Er verwies auf BT als ein führendes Beispiel: “BT ist führend und hat 105 Millionen Pfund aus dem Weiterverkauf seiner alten Kupferkabel erwirtschaftet, bisher 3.300 Tonnen von potenziell 200.000.”
Dieses Potenzial ist nicht auf einen Betreiber beschränkt. “Indem wir einen zuverlässigen Zweitmarkt anbieten, erschließen wir Werte, die in Legacy-Infrastrukturen gebunden sind, reduzieren Abfall und bieten kostengünstige Alternativen zu neuen OEM-Geräten”, fügte Teasdale hinzu. “Dies unterstützt nicht nur Umweltziele, sondern hilft Betreibern auch, Lieferkettenrisiken zu mindern und Beschaffungsverzögerungen zu vermeiden.”
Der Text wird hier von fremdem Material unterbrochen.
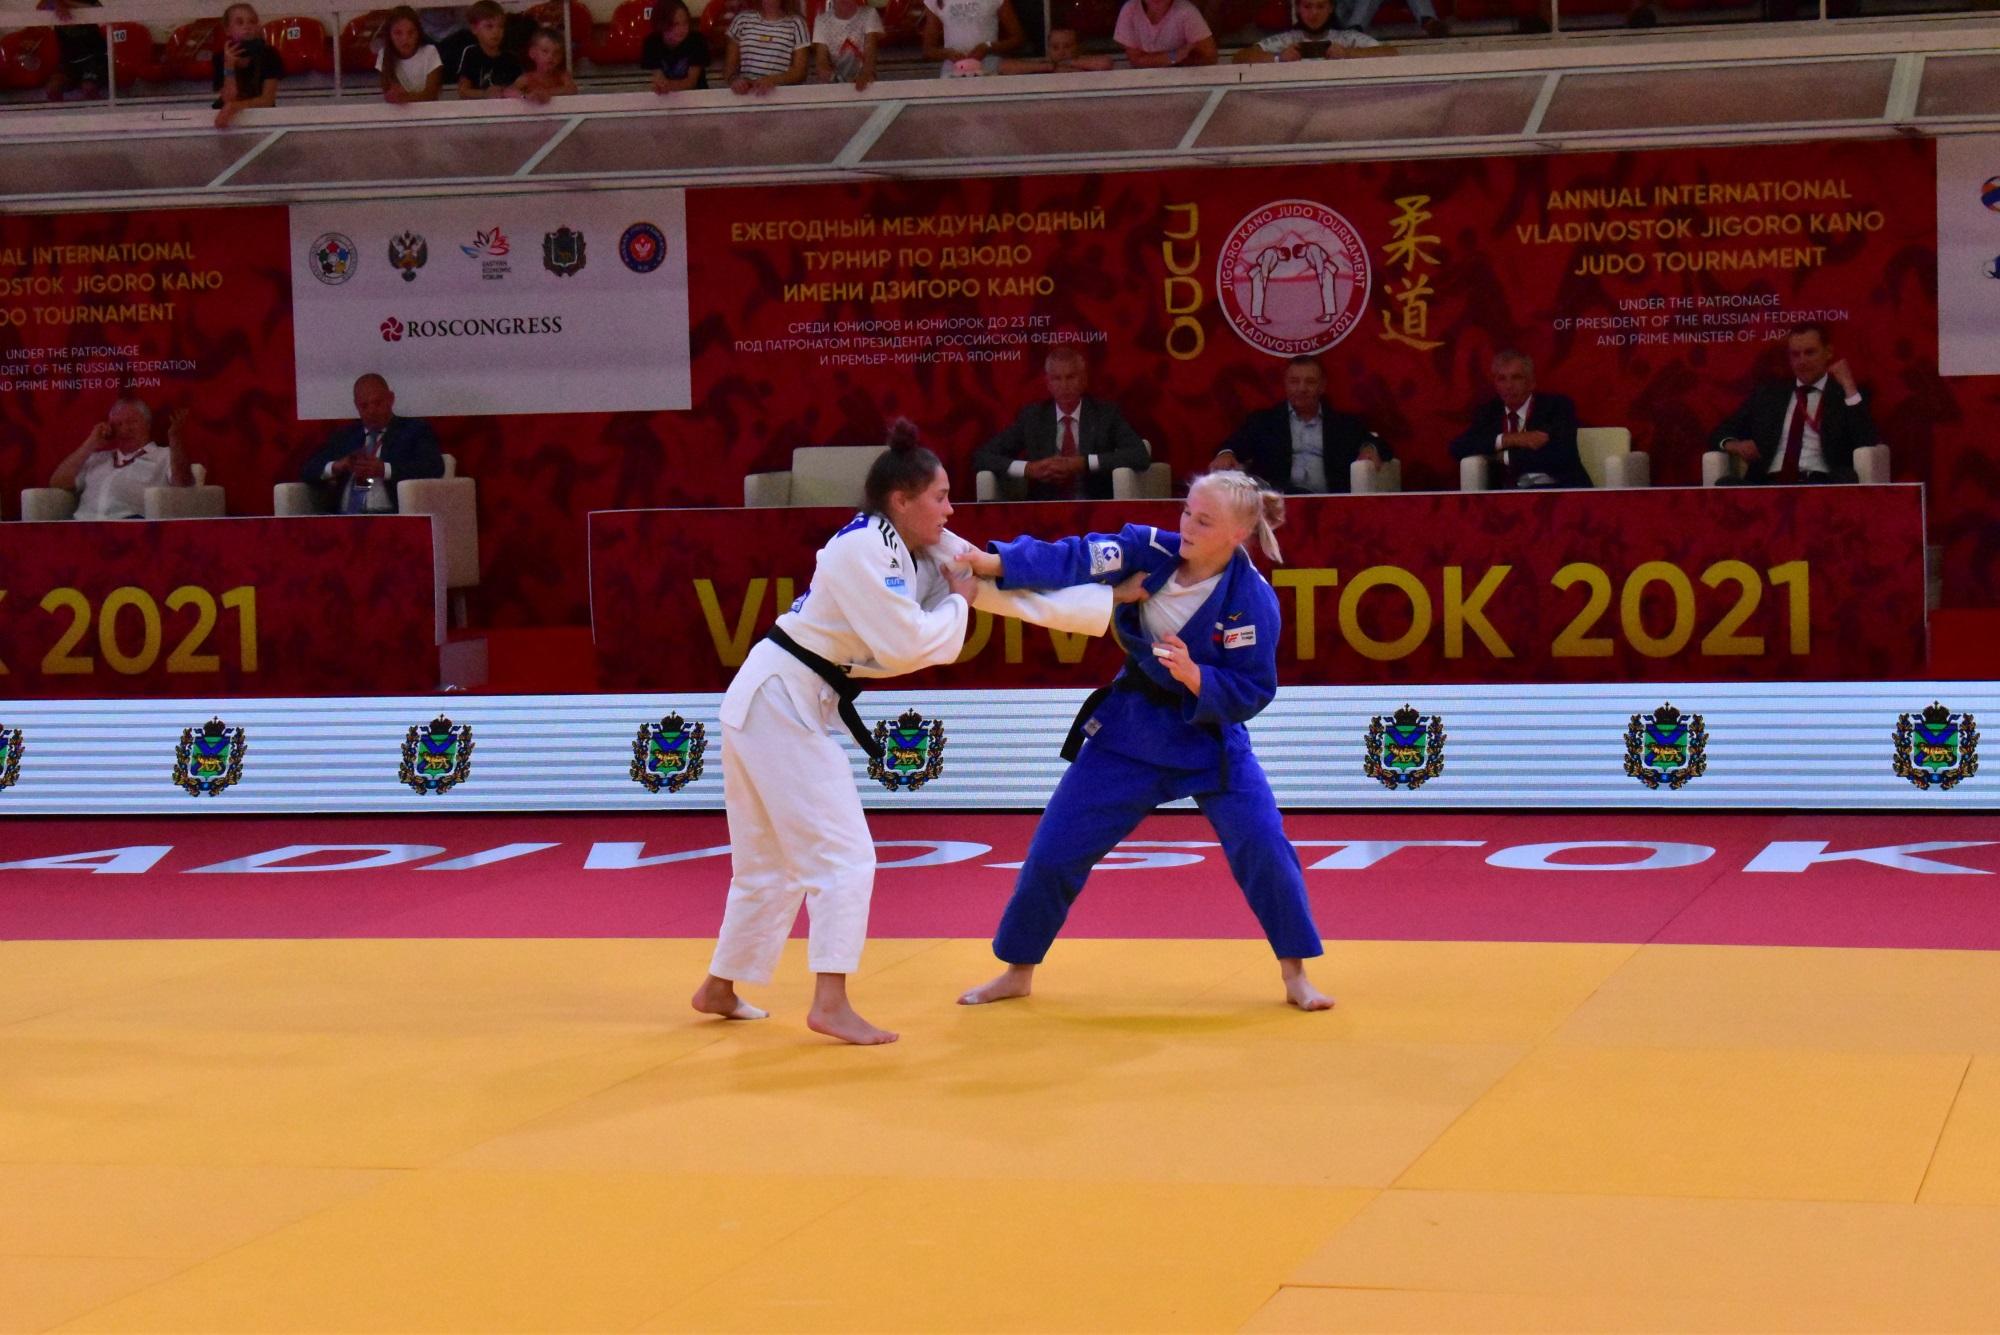 Дзюдо дзигиро кано judo kano Olympics Tokyo 2020 paris 2024

Vorbereitete Bediener profitieren am meisten
Kupfermangel ist möglicherweise nicht der entscheidende Faktor für die Zeitpläne des Glasfaserausbaus, aber die Vorbereitung wird bestimmen, wie reibungslos die Betreiber den Übergang vollziehen.
“Im Vereinigten Königreich haben wir eine echte Dynamik erlebt, da die Abschaltung von Kupferleitungen fest auf der Tagesordnung steht und der Glasfaserausbau zügig voranschreitet”, sagte Teasdale. “Andere Regionen, wie die USA, kommen langsamer voran – bis Anfang 2024 hatten nur etwa 52 % der US-Haushalte und -Unternehmen Zugang zu Gigabit-Kabelbreitband, verglichen mit 80 % im Vereinigten Königreich.”
„Die am besten vorbereiteten Betreiber betrachteten die Umstellung als eine Technologie-Aktualisierung und eine Chance, die Kreislaufwirtschaft zu nutzen“, fügte er hinzu. „Wir sehen diesen Ansatz als ein Zeichen der Reife – Betreiber, die Nachhaltigkeit und finanziellen Pragmatismus in ihre Glasfaserstrategien integrieren, sind weitaus besser in der Lage, den Übergang erfolgreich zu gestalten.“
Aufbau einer zirkulären Zukunft
„Die sich abzeichnende Knappheit an Kupfervorräten ist kein ‚abstraktes Risiko‘ und erfordert nicht nur eine bessere Vorbereitung, sondern auch die bestmögliche Nutzung alter Geräte durch Weiterverkauf, um die Abhängigkeit von neu abgebautem Kupfer zu verringern und einen Ansatz der Kreislaufwirtschaft zu verfolgen“, betonte Teasdale.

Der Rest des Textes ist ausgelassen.